ALC Game 16 Pre-Game Thread: Playing as Cyrus

food for thought:

i played a game with cyrus the other day and stumbled upon immortals upgraded with the blitz promotion.

one word: U-B-E-R
 
You want the Great Wall.

The reason why Bureaucracy is so great is that the production bonus is multiplicative instead of additive. It's the only multiplicative bonus in Civ IV, right?

Wrong.

The Great Wall is a multiplicative bonus when taken with Imperial.

If you get 1 XP from a combat with Imperial, you get 2 great general points.
If you get 1 XP from a combat within your borders with Imperial AND Great Wall, you get 4 Great General points instead of the 3 that you would get if it were an additive bonus like everything else.

Use World Builder to check for yourself and compare the number of XP gained by the unit vs. the Great General points gained. With Imperial and Great Wall, you get 4 times the number of points that you would get without either.

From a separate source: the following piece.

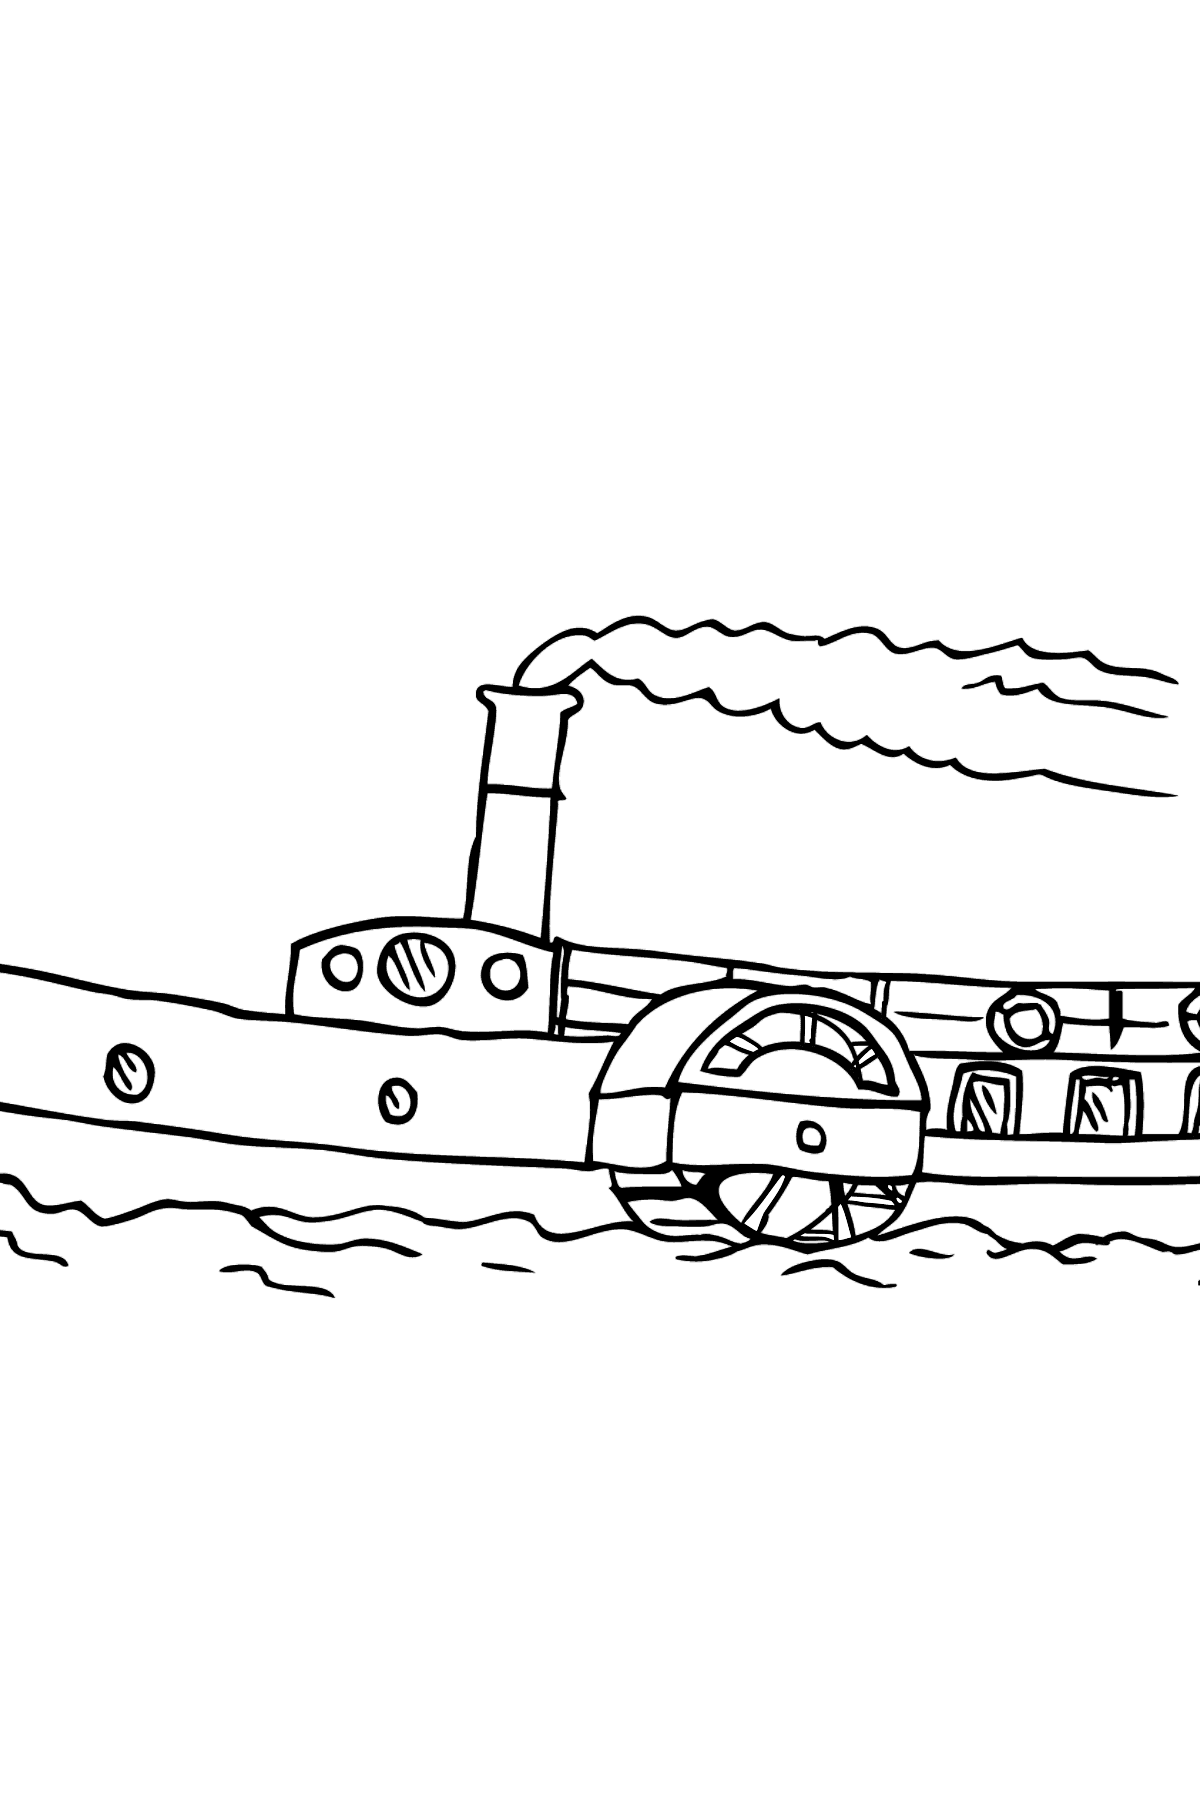 Desenho de navio com roda de pás para colorir - Imagens para Colorir para Crianças

The Great Wal is a good thing.
 
Oops. I apologize for putting out bad information, thanks for correcting me and hopefully others won't make the same mistake. :)
 
I'm not as in love with the Imperialistic trait; I think it's as weak as Protective, at least in comparison to the other traits. The cheap Settlers would be more of an advantage if the food contributing to their builds was doubled along with the hammers

One word: :whipped:
 
The great wall is the 'Shizz' to use it properly I just declare and wait a few turns for the inevitable AI pillagers or SoD to enter you're territory then wipe them out. You'll have to contend with it sooner or later and it's better to do it on your own terms.

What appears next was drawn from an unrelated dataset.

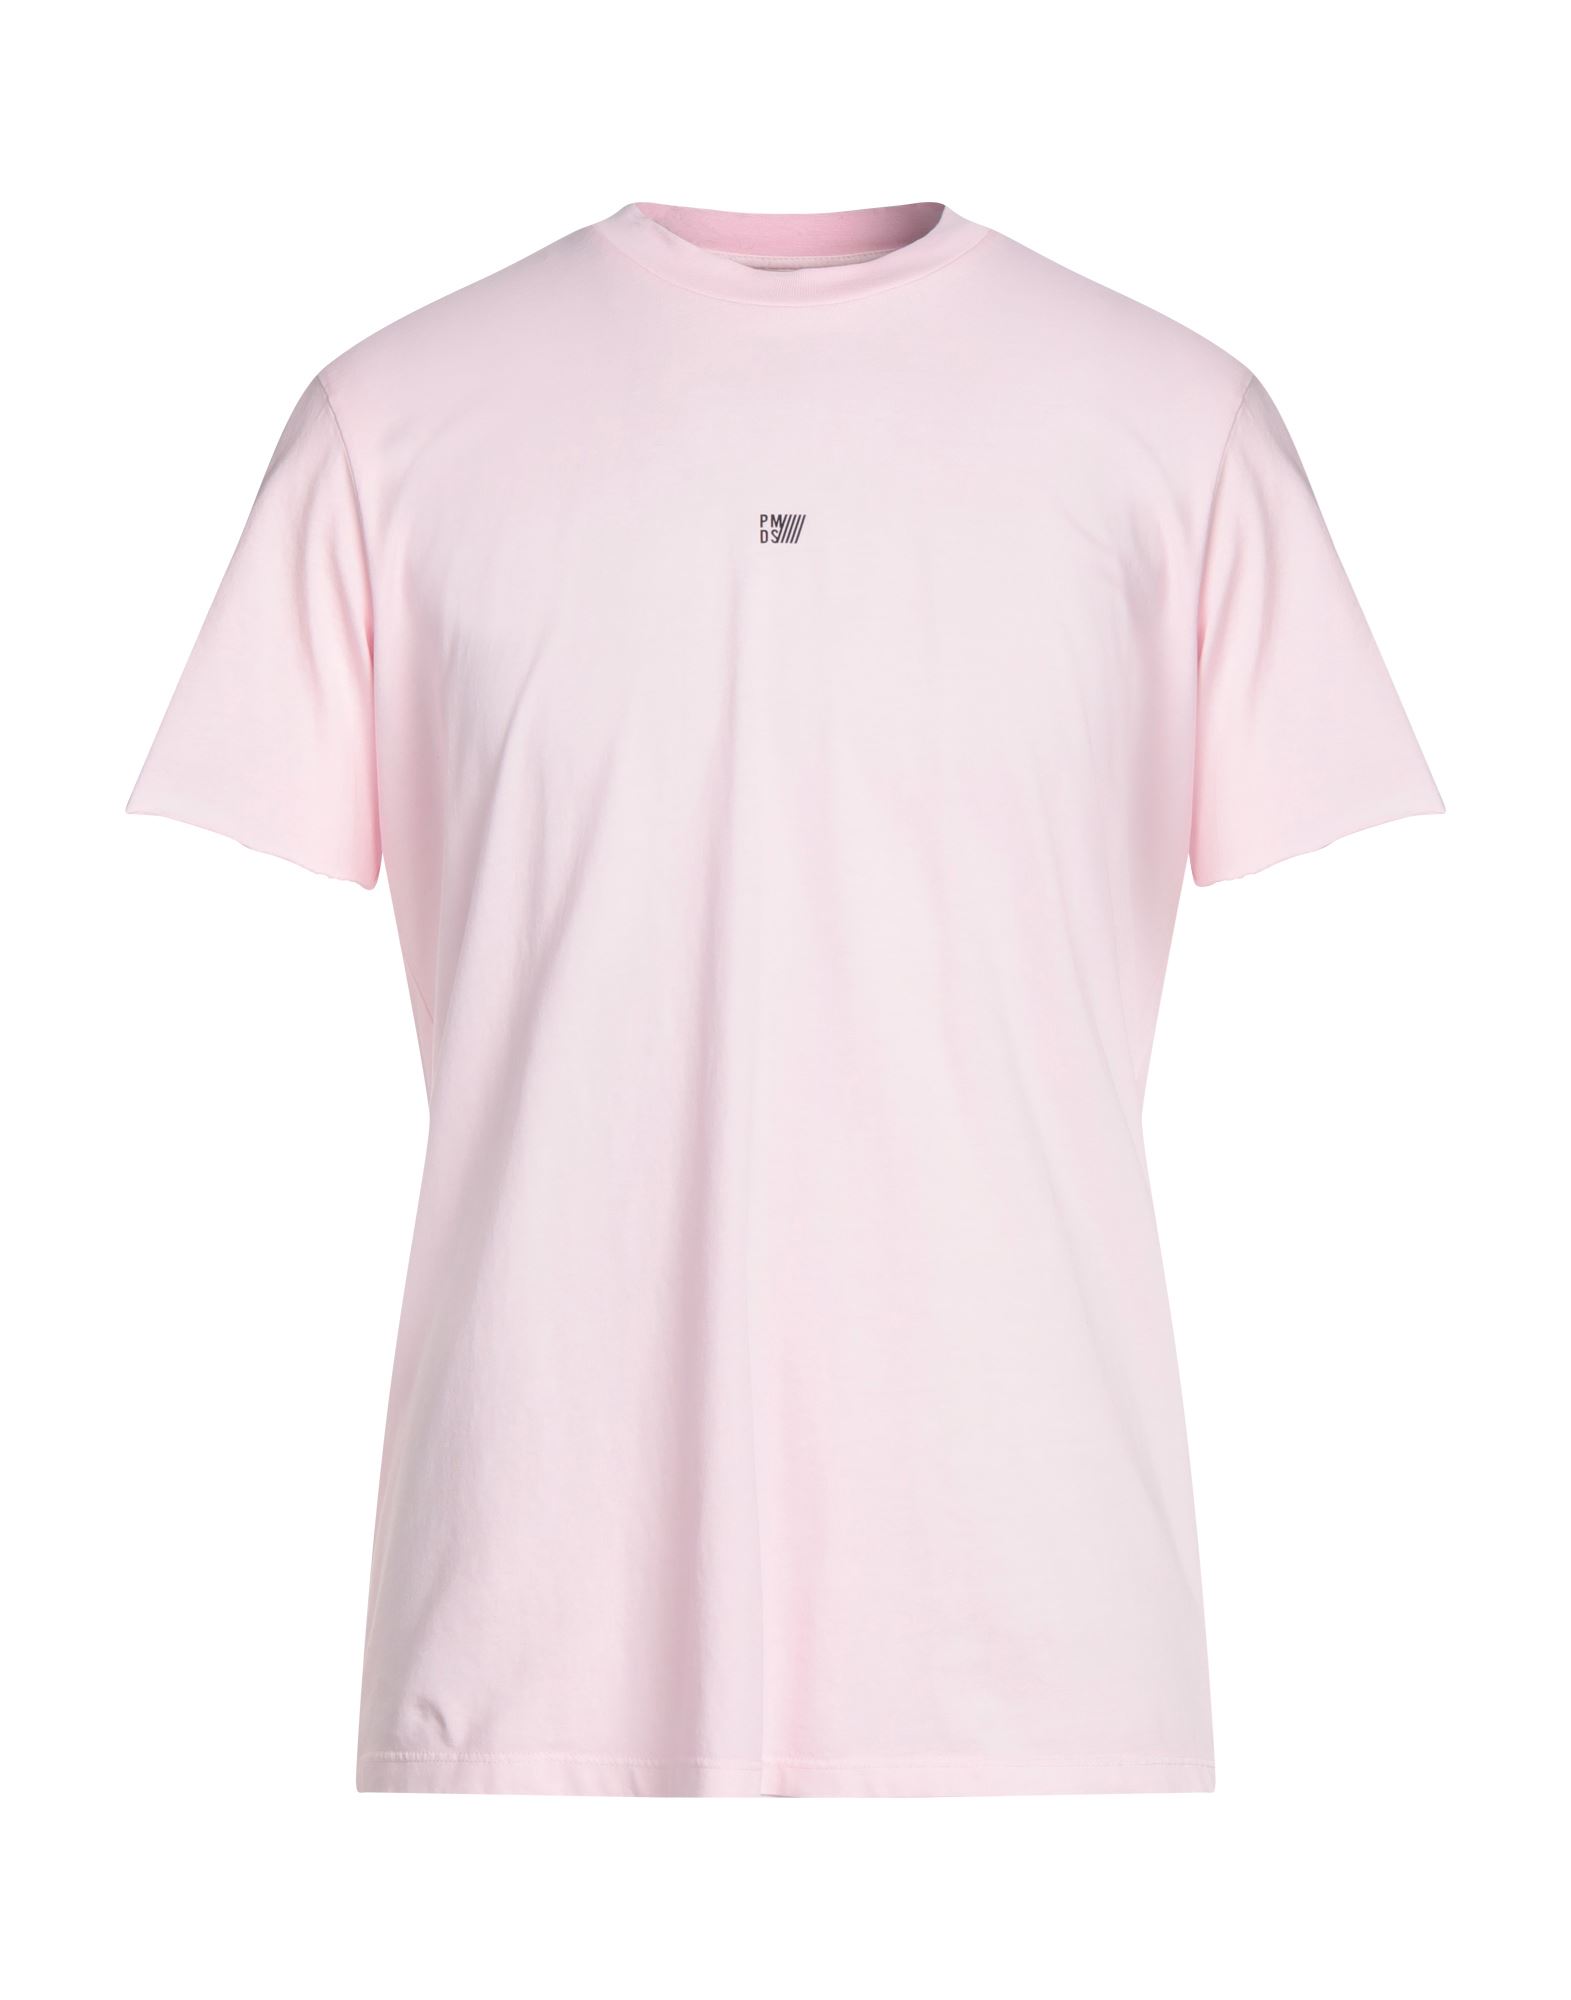 Pmds Premium Mood Denim Superior T-shirts In Pink

Plus the great wall looks cool to, especially if your territory is big enough.
 
Regarding the Great Wall: let the map decide if you should build it or not.

Although I agree that it's a lot of hammers that could be used for a pile of immortals, it is outright *insane* if the conditions are right.

Example: if you have two neighbors on one side of you, and a psycho or very war-like personality on another (Monty, Izzy, Catherine, Brennus, etc.), run your first war against the civ you want to kill first, but let the unit-builder build. Then, while resting/building to take out the second civ, declare war against the psycho but don't advance against him/her. Let them throw troops into your territory and smash them as they arrive.

The number of GG points is nothing short of insane, particularly if you can get Monty to come at you with lots of unpromoted or poorly promoted archers and axemen (and even swordsmen). Sign a peace treaty, go smash the second civ, then when it's time to kill the warmonger, declare war and let him come at you for 10 turns or so.

You will have no need at all to upgrade immortals if you can produce units with 3 promotions without even using civics for xp. With the great wall and the right neighbor, Cyrus can crank out highly promoted units horrifically soon. Why spend tons of gold to upgrade immortals to cavalry when you can just make cavalry (or riflemen, or grenadiers, or whatever) for the low-low cost of the hammers you were going to spend to build the unit, anyway?

Like I said - it depends on the neighbor(s), but Cryus + Great Wall can be a sick, sick combo for mid-late game warfare.
 
Don't sell the the apothecary short. Happiness will be no longer a problem then thanks to HR. The 2 bonus Health means 2 more citizens with the proper MPs to make them work.


PS- please don't waste a GG by making them a warlord when you're Char. Only do it later if you need for West Point, but you'll probably have the game in hand by then thanks to the instructors you settled earlier.
 
remember you need wheel to build chariots. I would tech:

AH, wheel, pottery, mining, BW, writing

forget the early wonders. early build either scout worker or worker scout then warrior warrior settler.

as soon as you get horses up and running have one city produce nothing but immortals and the other produce your 3rd and 4th settlers. hopefully you'll have BW in the bag by the time the 4th settler is up and running to get some copper.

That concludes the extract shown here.